DATA IN THIS EXERCISE:
----------------------------------------
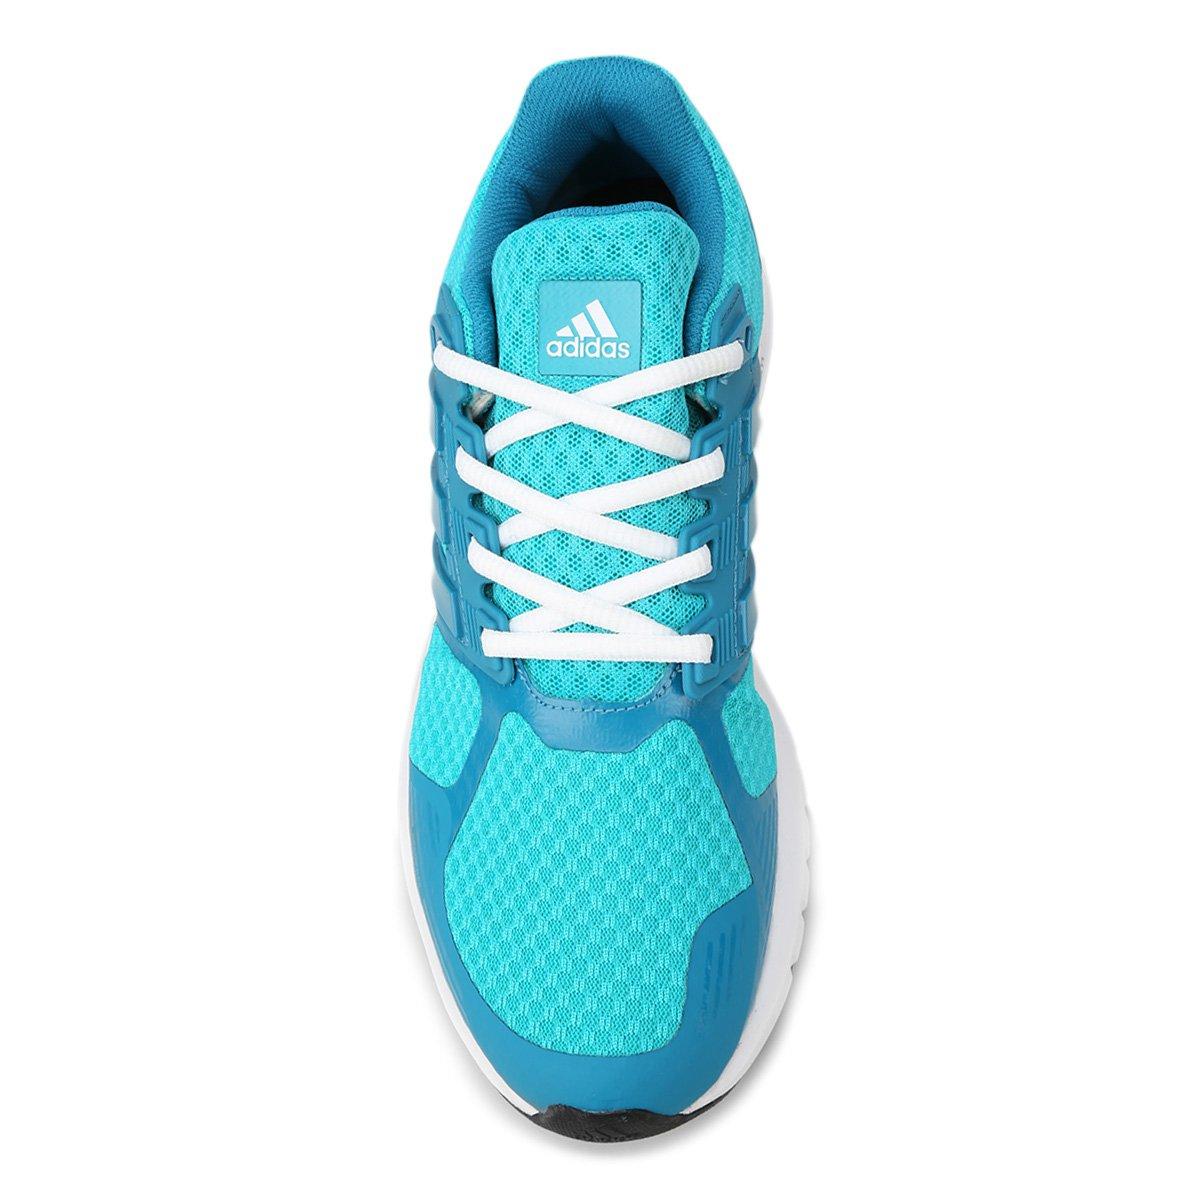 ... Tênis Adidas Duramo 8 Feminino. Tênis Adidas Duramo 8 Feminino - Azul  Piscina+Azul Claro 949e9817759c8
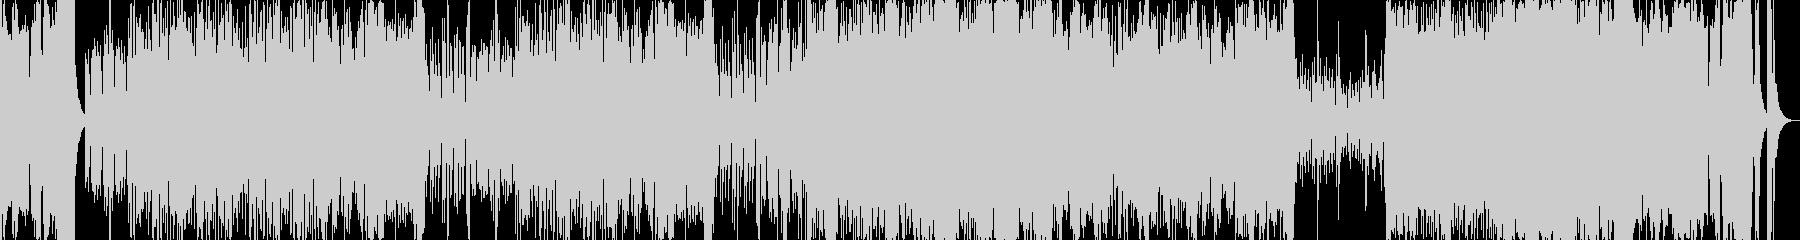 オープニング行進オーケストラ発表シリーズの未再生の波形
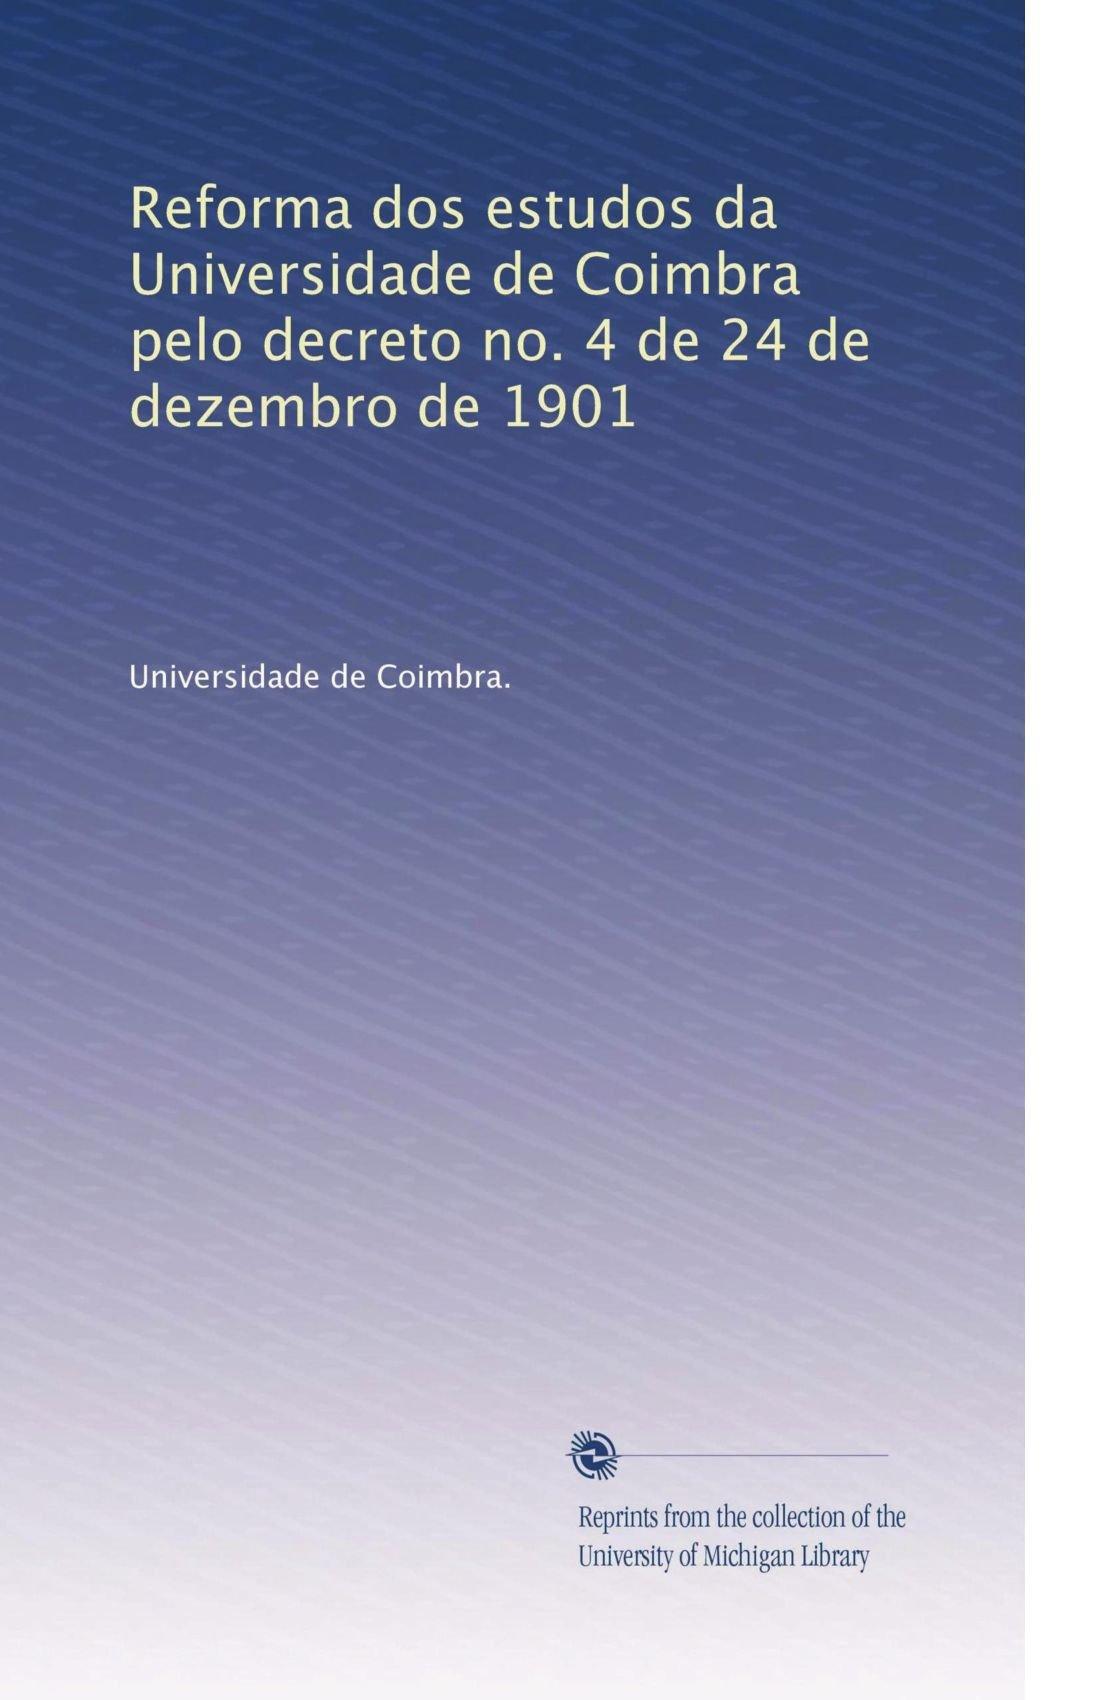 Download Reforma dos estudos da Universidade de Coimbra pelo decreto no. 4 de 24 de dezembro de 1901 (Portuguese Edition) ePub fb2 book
----------------------------------------
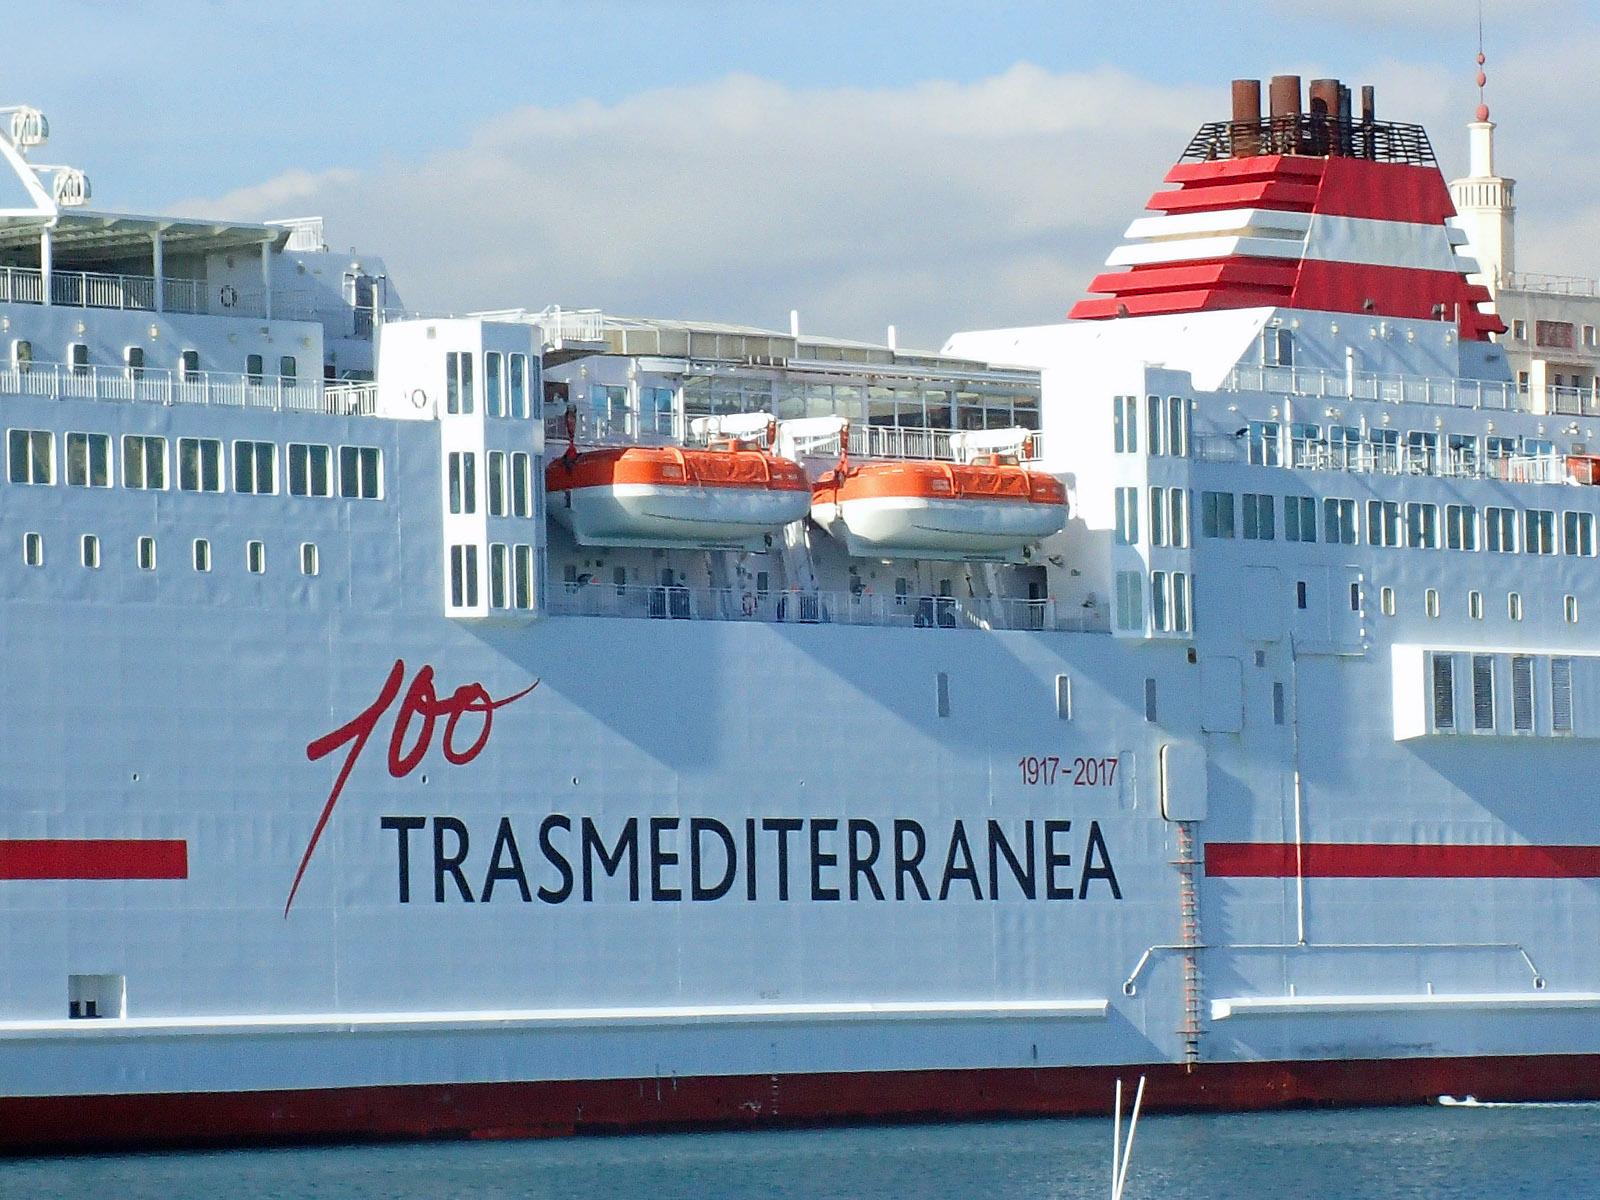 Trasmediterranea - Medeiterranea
----------------------------------------
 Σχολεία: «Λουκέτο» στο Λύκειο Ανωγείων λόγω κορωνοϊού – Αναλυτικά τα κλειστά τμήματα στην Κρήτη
----------------------------------------
TASK TO COMPLETE:
Above are entries with pictures among them. Write out exactly the lines from the one containing "オープニング行進オーケストラ発表シリーズの未再生の波形" through the one containing "Download Reforma dos", ends included, and leave those pictures out.

ANSWER TO THIS PROBLEM:
 オープニング行進オーケストラ発表シリーズの未再生の波形
 Download Reforma dos estudos da Universidade de Coimbra pelo decreto no. 4 de 24 de dezembro de 1901 (Portuguese Edition) ePub fb2 book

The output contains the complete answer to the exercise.